[Opening RECORDS FOR THIS EXERCISE section]
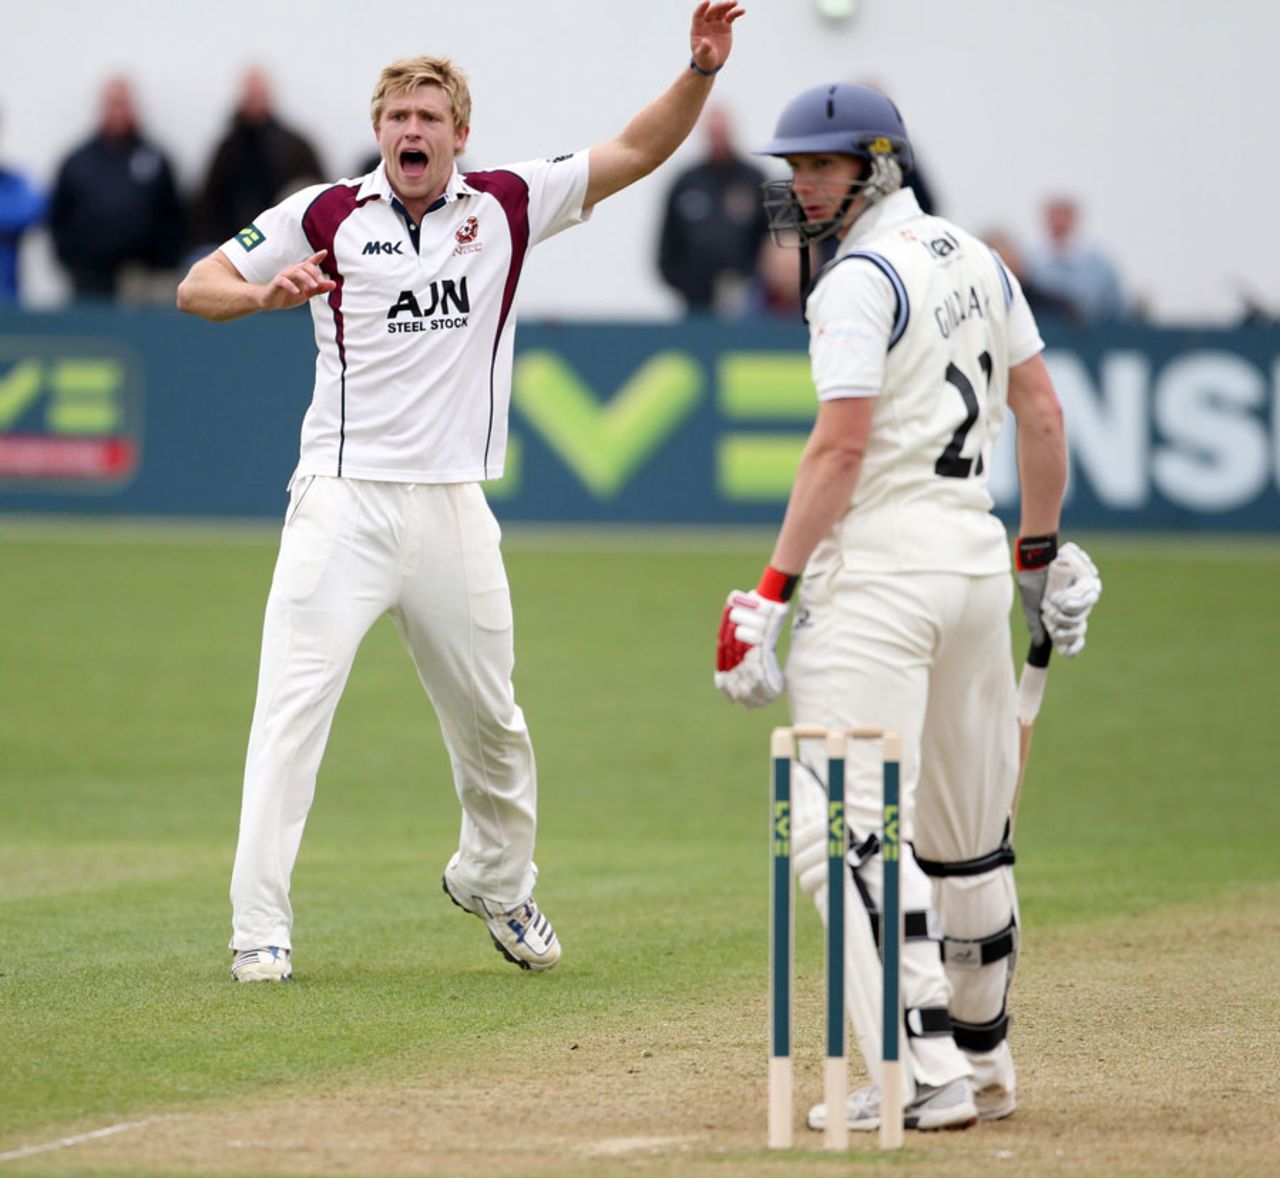 David Willey again impressed with 4 for 71, Gloucestershire v Northamptonshire, County Championship, Division Two, Bristol, 1st day, April 24, 2013
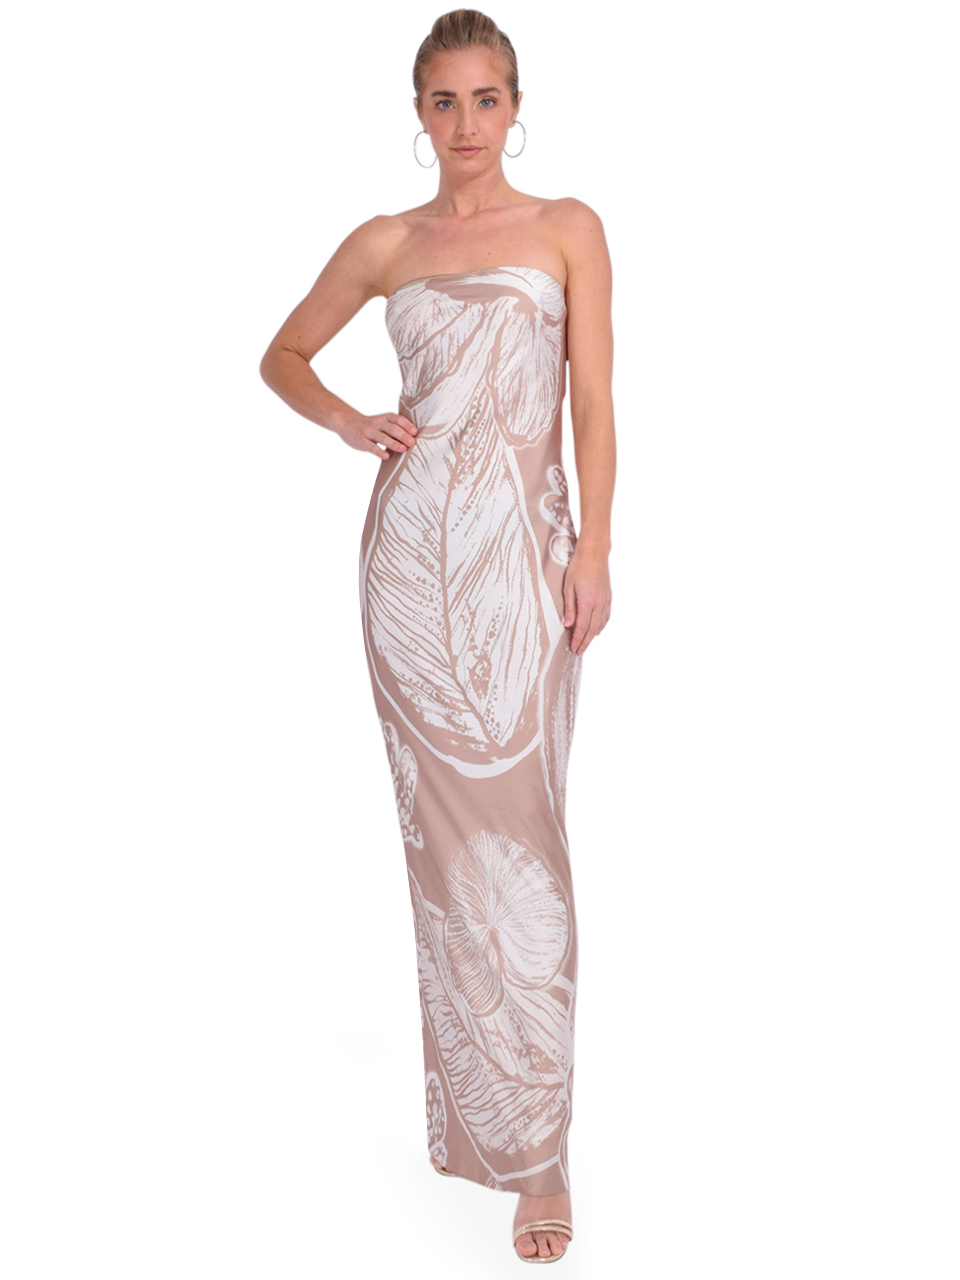 ROCOCO SAND Ines Strapless Maxi Dress in Tan/White Front View 2
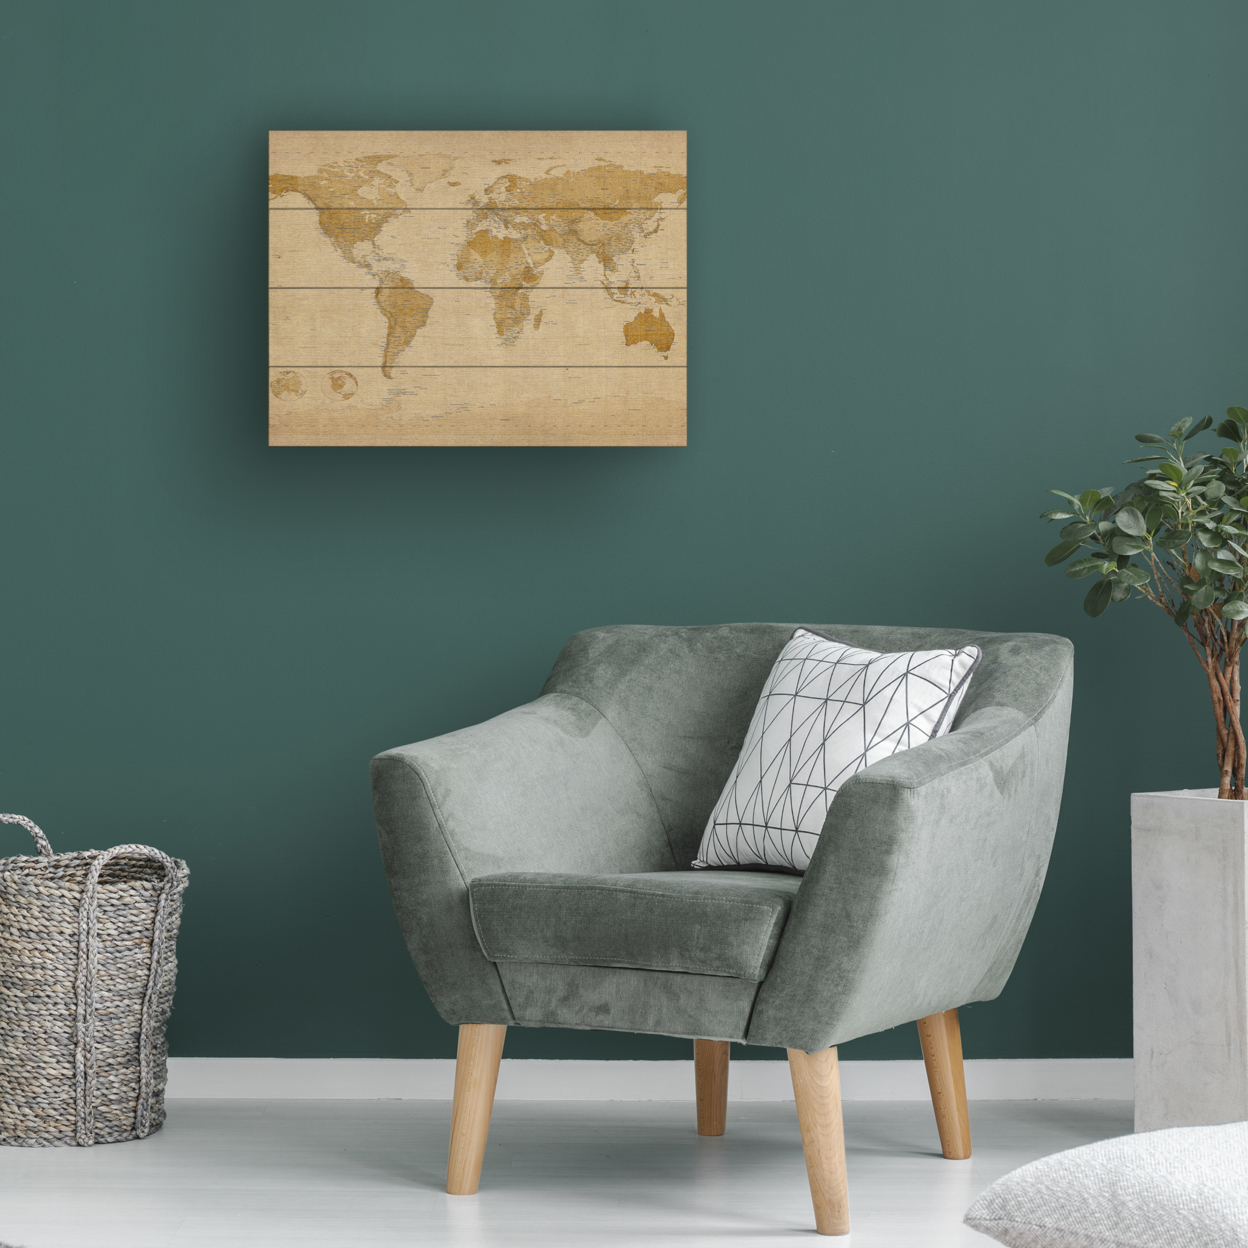 Wall Art 12 X 16 Inches Titled Antique World Map Ready To Hang Printed On Wooden Planks
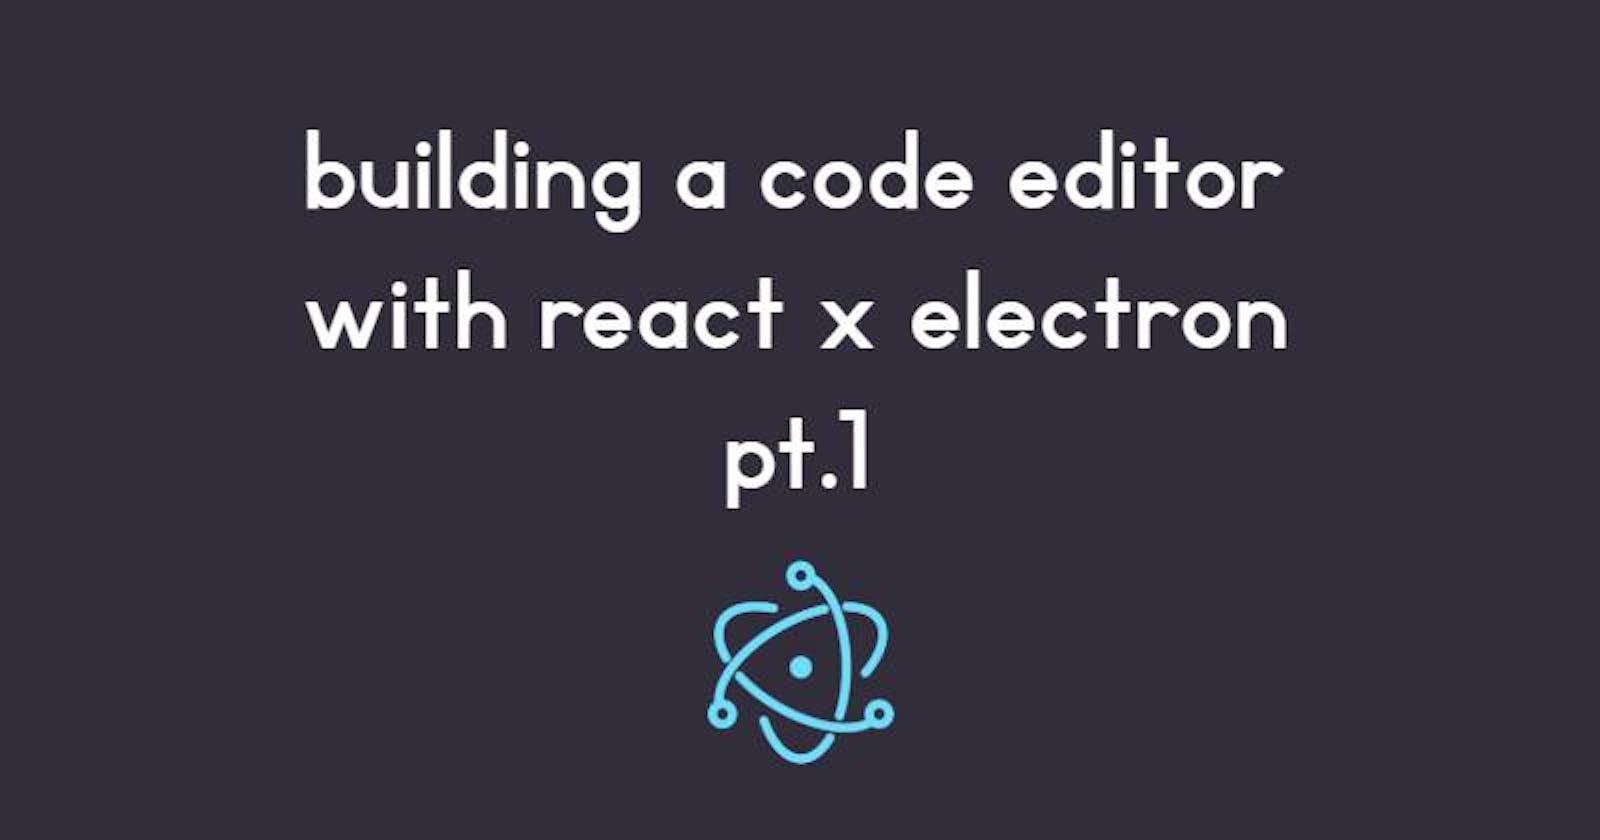 Building a react x electron code editor pt.1 - Setting up with npm and electron
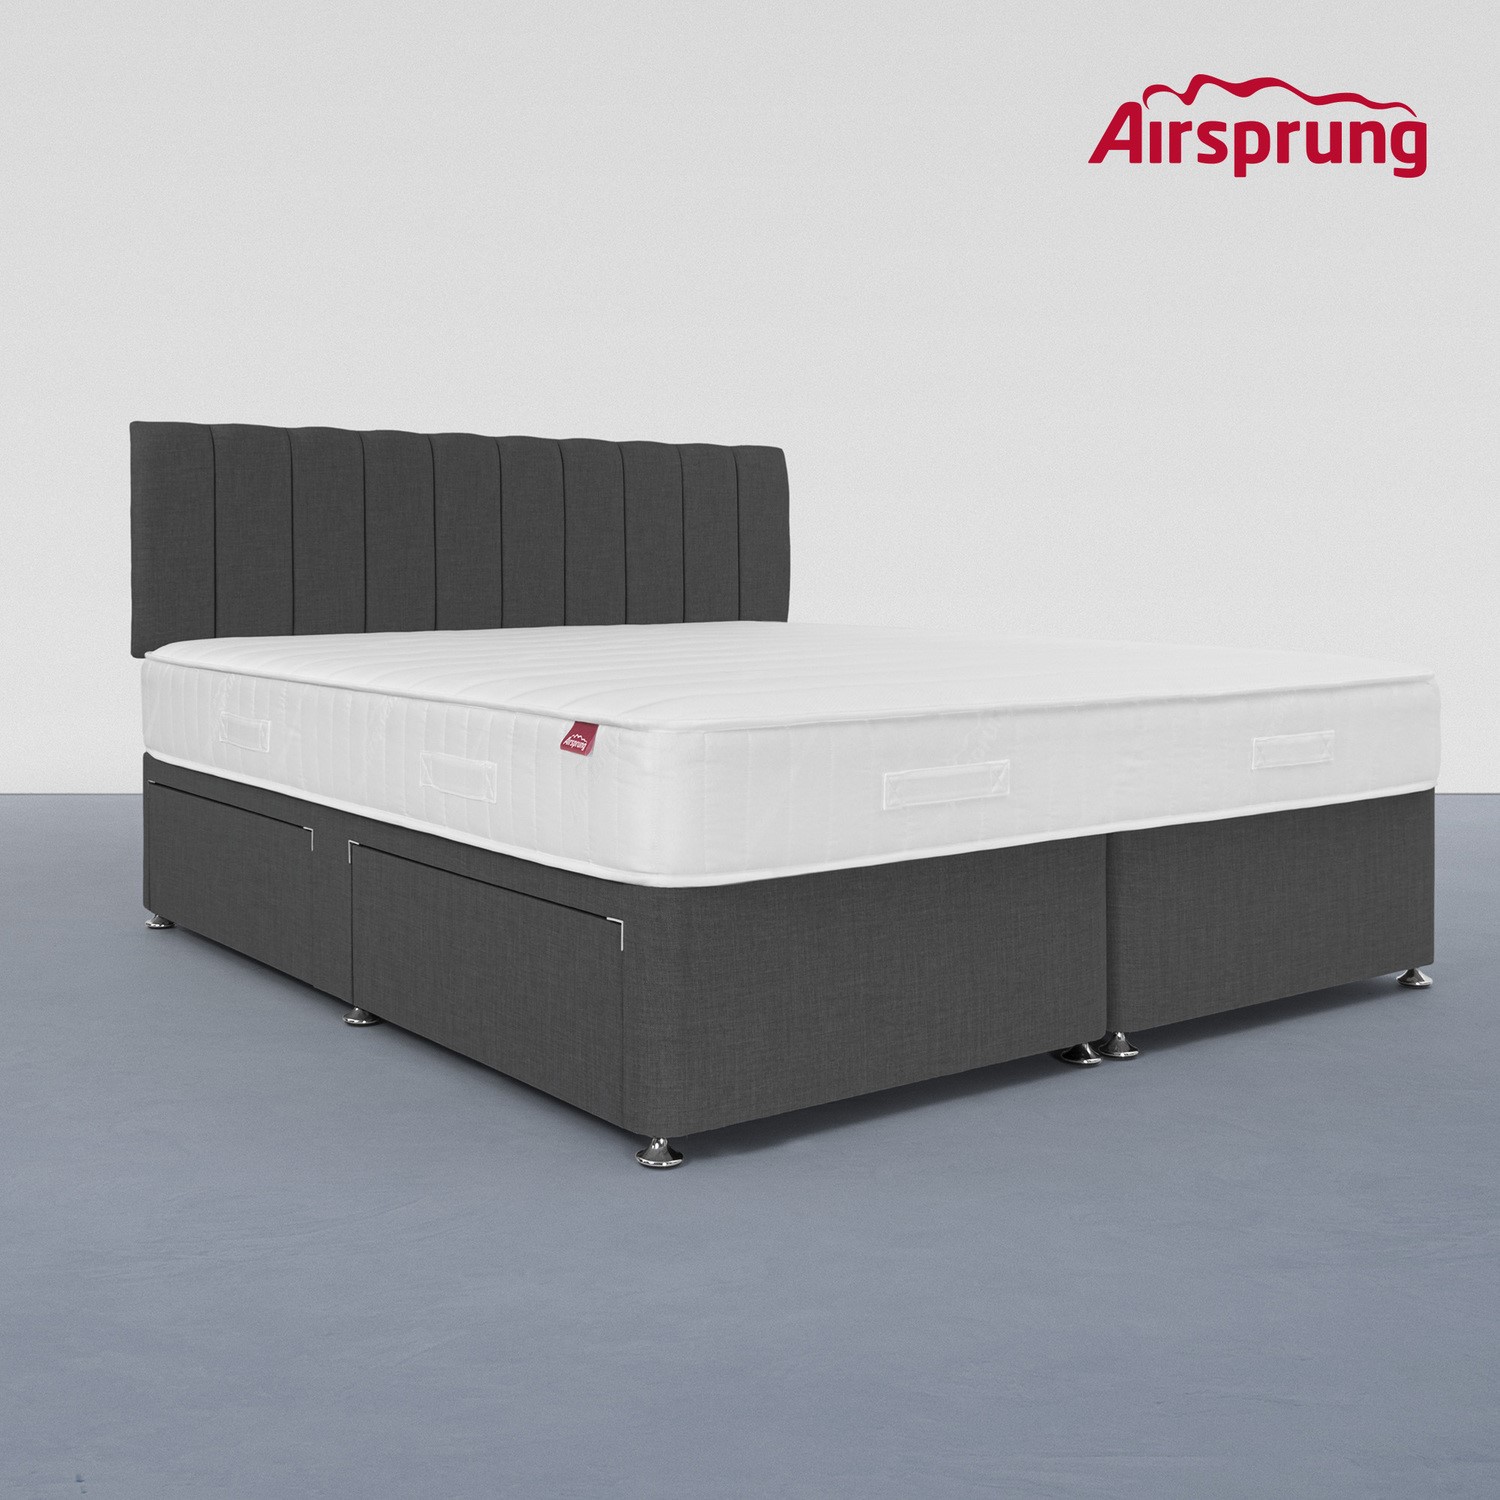 Photo of Airsprung super king 4 drawer divan bed with hybrid mattress - charcoal
[Closing RECORDS FOR THIS EXERCISE section]
From the line containing "Wall Art 12" down to the last line of the entries above, retype each line exactly as it stands, but skip the pictures.

 Wall Art 12 X 16 Inches Titled Antique World Map Ready To Hang Printed On Wooden Planks
 Building a react x electron code editor pt.1 - Setting up with npm and electron
 Photo of Airsprung super king 4 drawer divan bed with hybrid mattress - charcoal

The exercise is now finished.